И Л.Н. опять начал читать «Душечку».
Более всего пленялся Л. Н. Толстой в последнее время чеховской формой, которая в первое время его озадачивала, и Л.Н. никак не мог свыкнуться с ней, не мог понять ее механизма. Но затем уяснил себе ее секрет и восхищался. Как-то во время прогулки в яснополянском парке один из гостей Л.Н. заговорил о новом произведении писателя, которого сравнивали с Чеховым.

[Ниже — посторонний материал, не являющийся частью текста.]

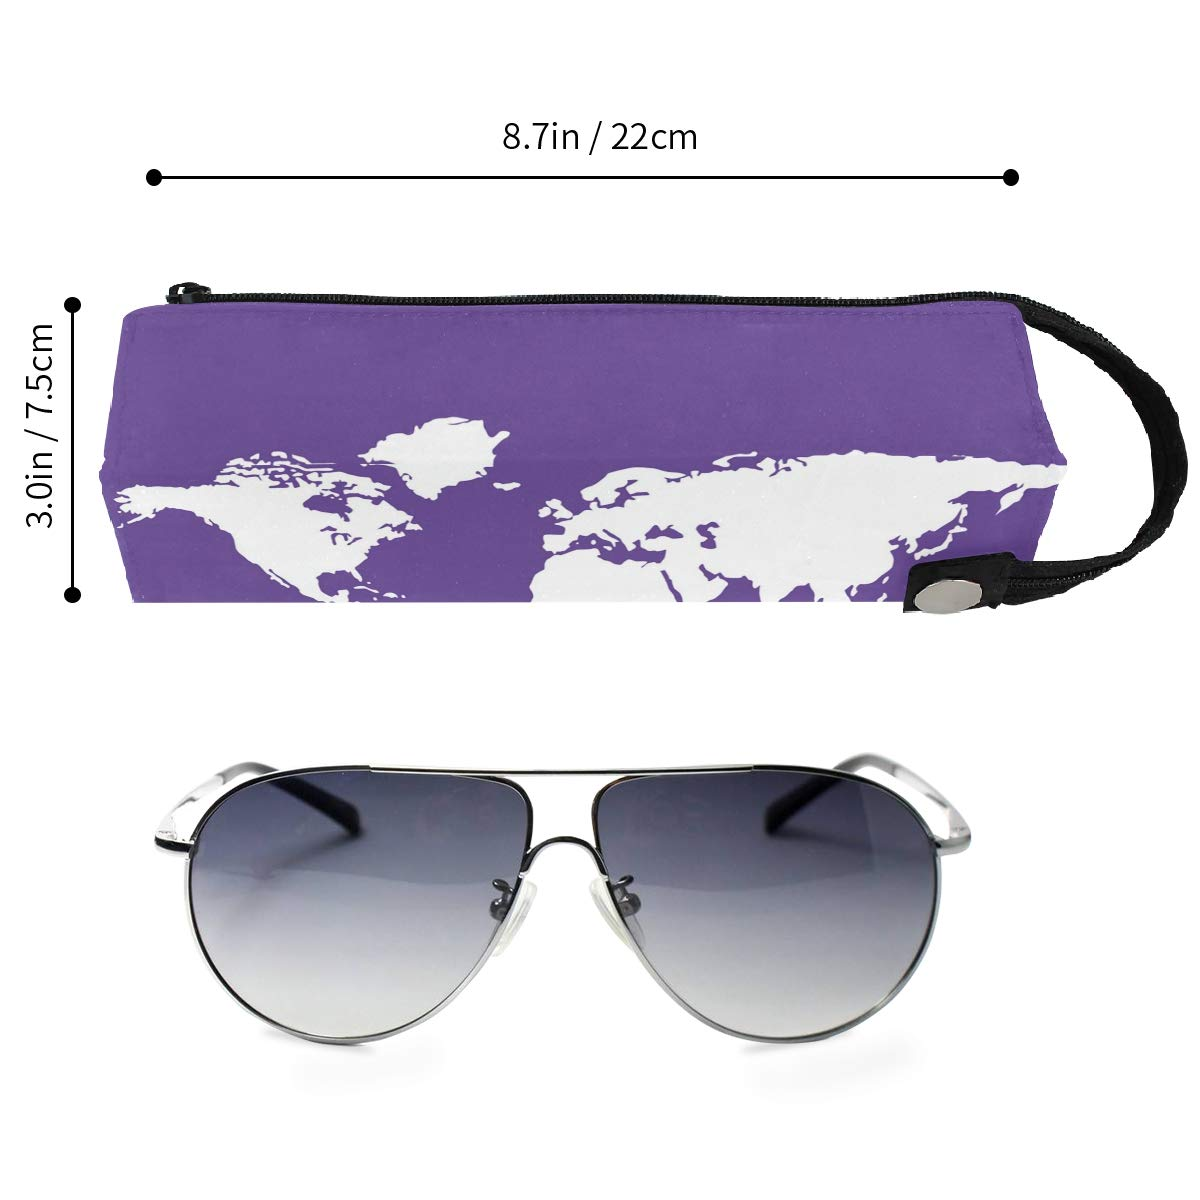 Glasses Case Purple World Maps Zipper Soft Sunglasses Ball Pen Bag Protective Pouch

Лев Николаевич остановился и, заложив руку за пояс блузы, сказал в раздумье:
— Не понимаю, почему его сравнивают с Чеховым. Чехов, по-моему, несравнимый художник. Я недавно вновь перечитал почти всего Чехова. И все у него чудесно. Есть места неглубокие, нет, неглубокие. Но все прелестно. И Чехова, как художника, нельзя даже и сравнивать с прежними русскими писателями — с Тургеневым, с Достоевским или со мною. У Чехова своя особенная форма, как у импрессионистов. Смотришь, человек будто без всякого разбора мажет красками, какие попадаются ему под руку, и никакого, как будто, отношения эти мазки между собою не имеют. Но отойдешь, посмотришь — и в общем получается удивительное впечатление. Перед вами яркая, неотразимая картина. И вот еще наивернейший признак, что Чехов истинный художник: его можно перечитывать несколько раз, кроме пьес, конечно, которые совсем не его дело.
Максим Горький:
Как-то при мне Толстой восхищался рассказом Чехова, кажется — «Душечкой». Он говорил:
— Это — как бы кружево, сплетенное целомудренной девушкой; были в старину такие девушки-кружевницы, «вековуши», они всю жизнь свою, все мечты о счастье влагали в узор. Мечтали узорами о самом милом, всю неясную, чистую любовь свою вплетали в кружево. — Толстой говорил очень волнуясь, со слезами на глазах.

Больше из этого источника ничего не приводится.